*Brief*
From the listing below, pick out each line with the word "Dining".

*Data under study*
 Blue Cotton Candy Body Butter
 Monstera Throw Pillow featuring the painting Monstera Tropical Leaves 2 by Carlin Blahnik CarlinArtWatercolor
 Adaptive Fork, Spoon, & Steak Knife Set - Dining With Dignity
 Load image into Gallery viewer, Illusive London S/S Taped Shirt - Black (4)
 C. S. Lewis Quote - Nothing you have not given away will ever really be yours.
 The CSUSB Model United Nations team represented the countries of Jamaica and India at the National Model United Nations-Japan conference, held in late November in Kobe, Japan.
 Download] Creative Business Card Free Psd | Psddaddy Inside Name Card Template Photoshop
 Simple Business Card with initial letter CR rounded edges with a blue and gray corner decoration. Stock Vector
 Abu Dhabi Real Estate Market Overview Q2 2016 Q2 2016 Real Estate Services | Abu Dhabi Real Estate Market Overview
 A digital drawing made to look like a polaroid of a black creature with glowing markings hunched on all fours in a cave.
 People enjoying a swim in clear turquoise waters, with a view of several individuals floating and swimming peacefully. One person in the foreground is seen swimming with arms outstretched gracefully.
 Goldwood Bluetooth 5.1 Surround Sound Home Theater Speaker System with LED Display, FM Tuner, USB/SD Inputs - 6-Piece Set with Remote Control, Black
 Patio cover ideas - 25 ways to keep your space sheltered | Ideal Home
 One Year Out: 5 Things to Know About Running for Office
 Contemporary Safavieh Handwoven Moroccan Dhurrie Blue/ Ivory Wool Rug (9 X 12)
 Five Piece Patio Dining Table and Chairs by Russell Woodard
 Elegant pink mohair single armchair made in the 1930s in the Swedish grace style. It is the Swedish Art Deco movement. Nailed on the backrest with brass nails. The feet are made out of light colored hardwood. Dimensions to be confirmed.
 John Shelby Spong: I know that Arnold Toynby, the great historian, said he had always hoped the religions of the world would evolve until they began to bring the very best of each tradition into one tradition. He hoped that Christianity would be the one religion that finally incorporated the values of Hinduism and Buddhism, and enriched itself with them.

*Result of this task*
 Adaptive Fork, Spoon, & Steak Knife Set - Dining With Dignity
 Five Piece Patio Dining Table and Chairs by Russell Woodard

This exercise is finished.